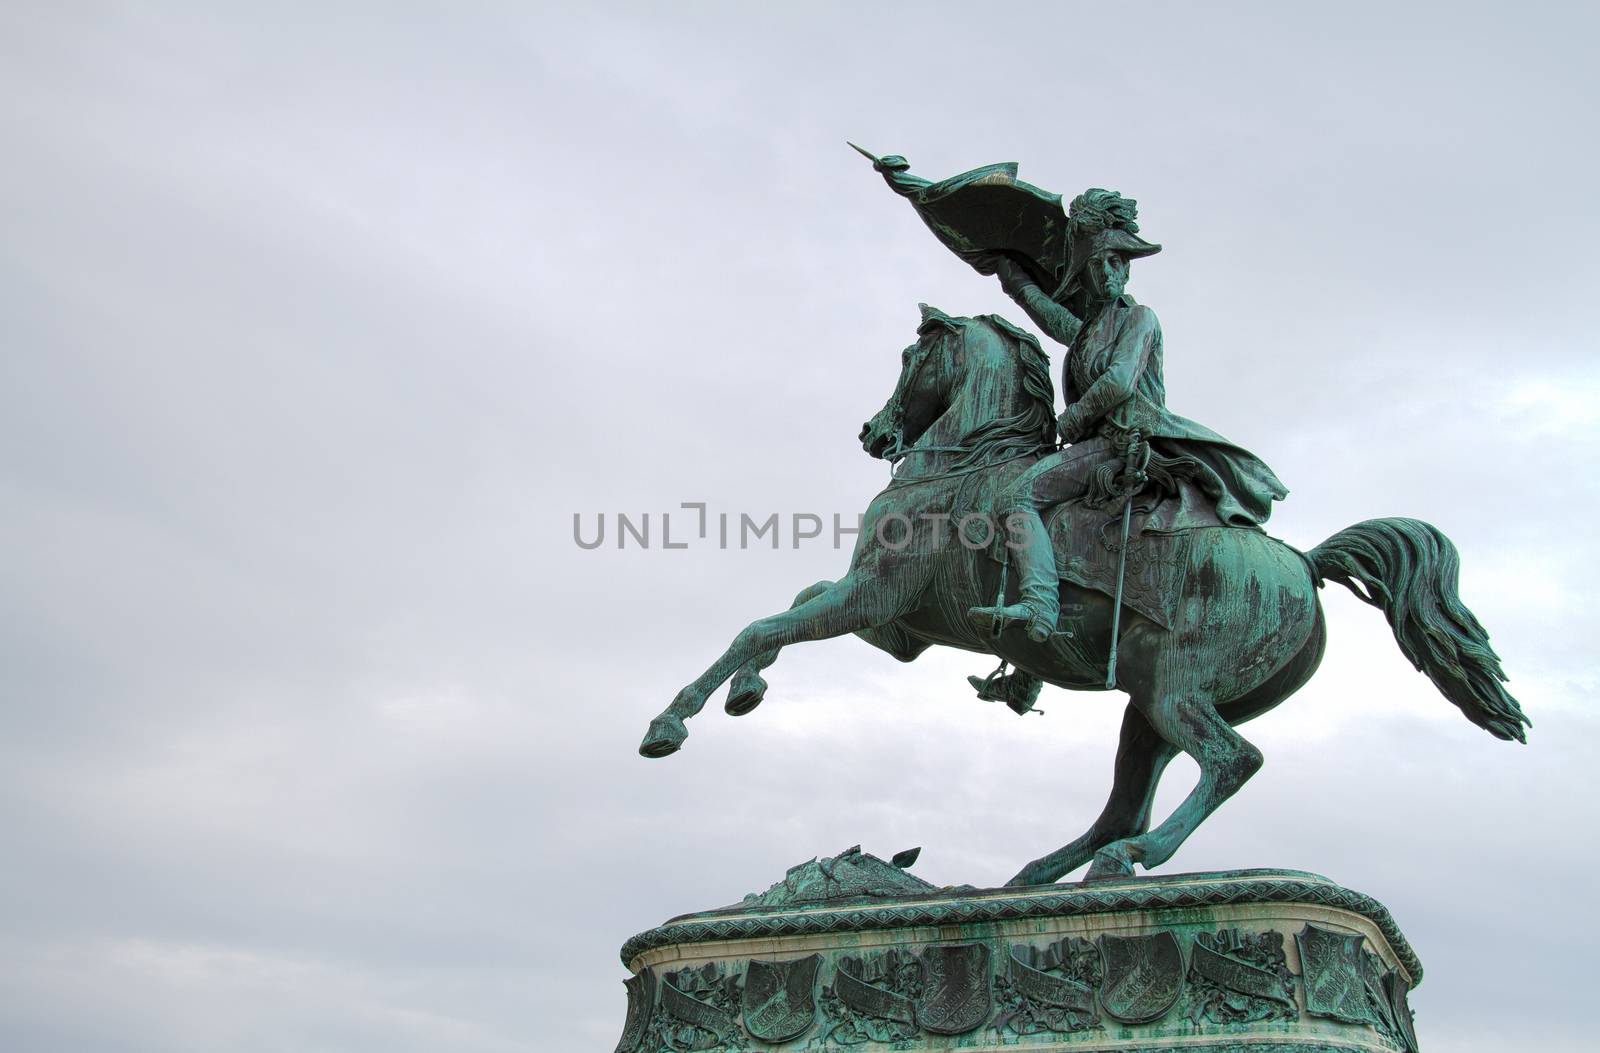 Statue of Archduke Charles by Aarstudio
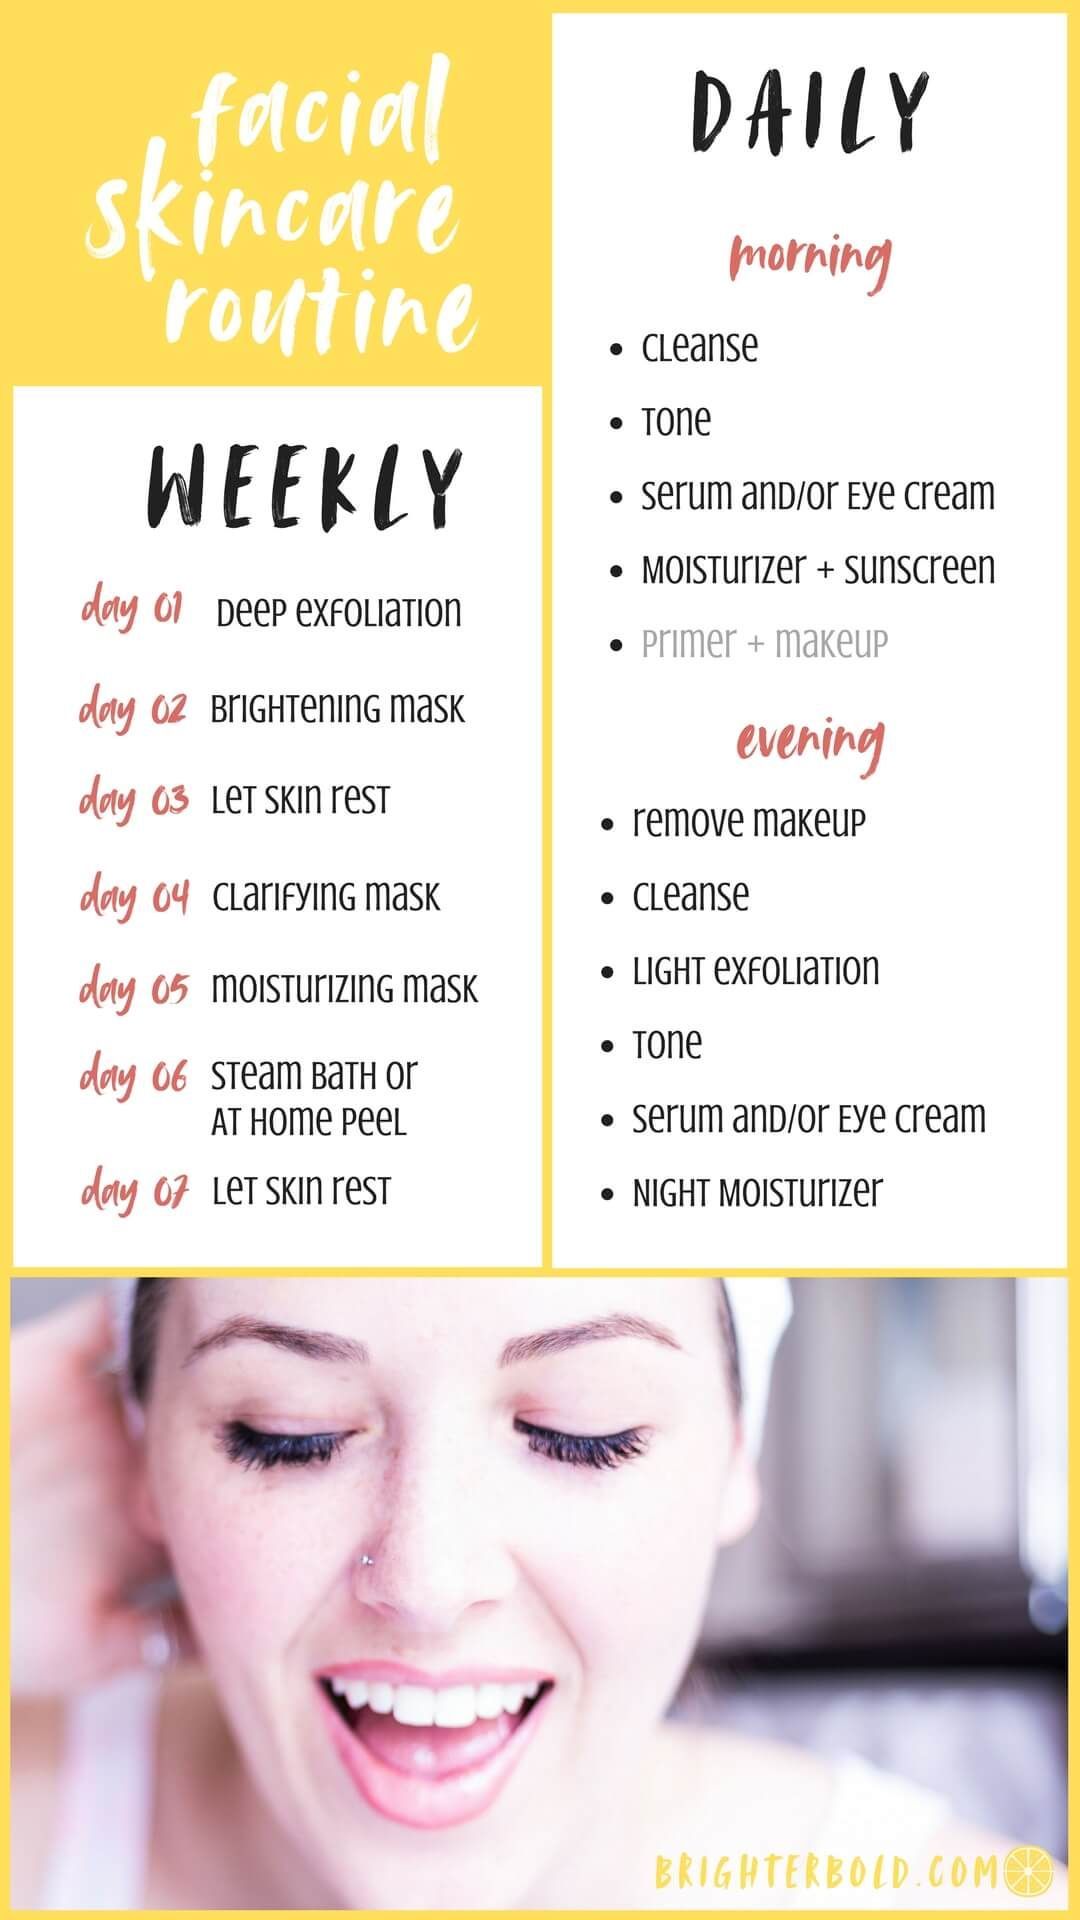 14 weekly beauty Routines ideas
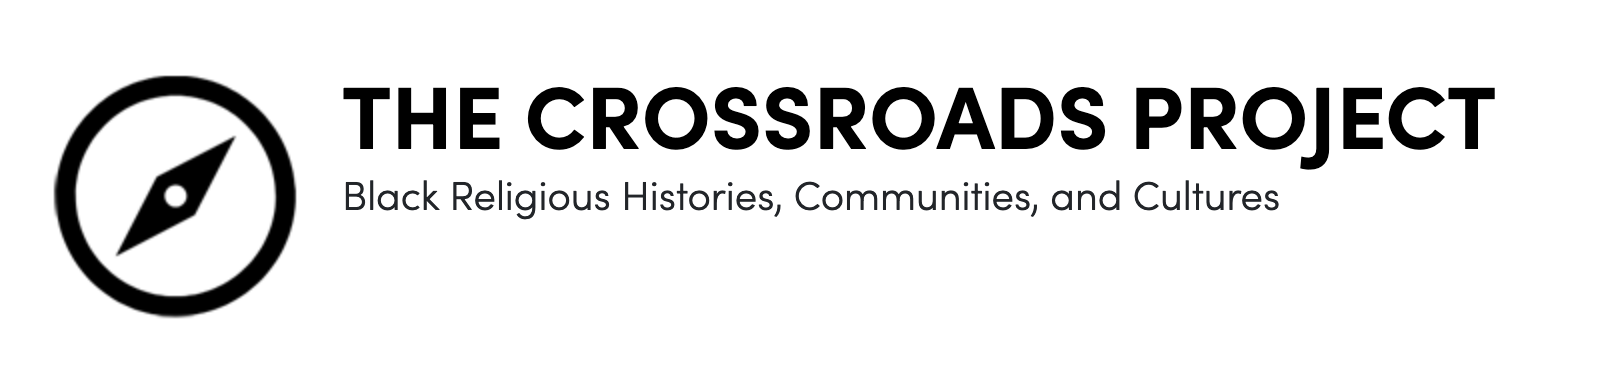 The Crossroads Project: Black Religious Histories, Communities, and Cultures
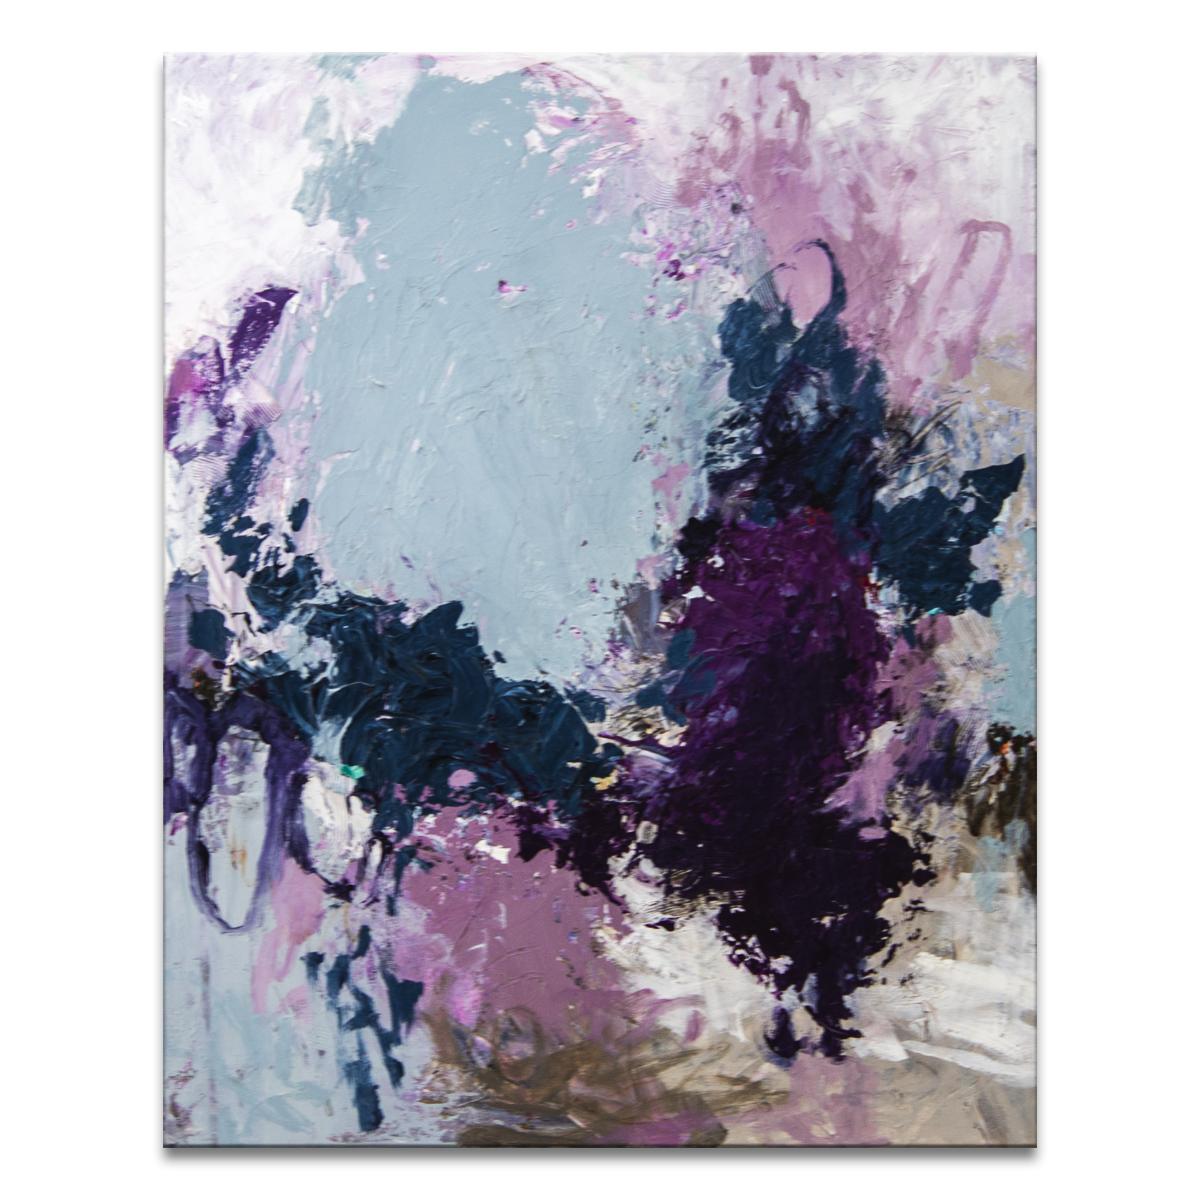 ‘Vineyard Vibe' Wrapped Canvas Original Painting features a vibrant abstract aesthetic in tones of purple, blue, gray, beige, brown, beige and white. Inspired by nature and Bible verse Samuel 1:11, Tammy Staab’s positivity and light radiates through
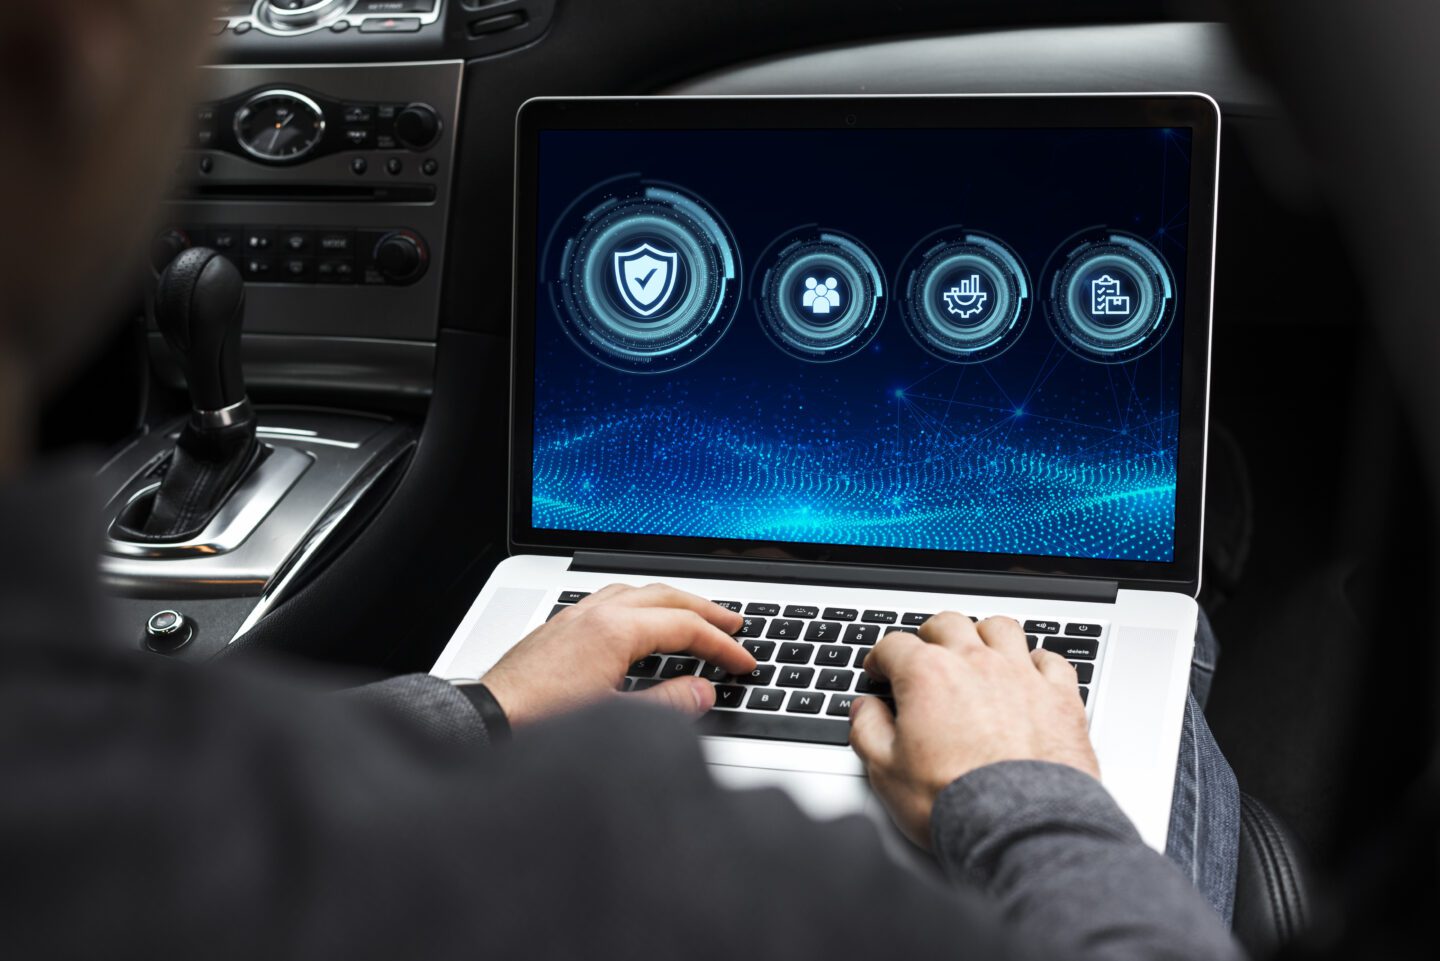 The fundamental role of standardisation in the future of autonomous vehicle cybersecurity

Task statement> Without including any pictures, set down word for word every line from the one containing "light radiates through" through the last line of the material.

Expected answer>
 ‘Vineyard Vibe' Wrapped Canvas Original Painting features a vibrant abstract aesthetic in tones of purple, blue, gray, beige, brown, beige and white. Inspired by nature and Bible verse Samuel 1:11, Tammy Staab’s positivity and light radiates through
 The fundamental role of standardisation in the future of autonomous vehicle cybersecurity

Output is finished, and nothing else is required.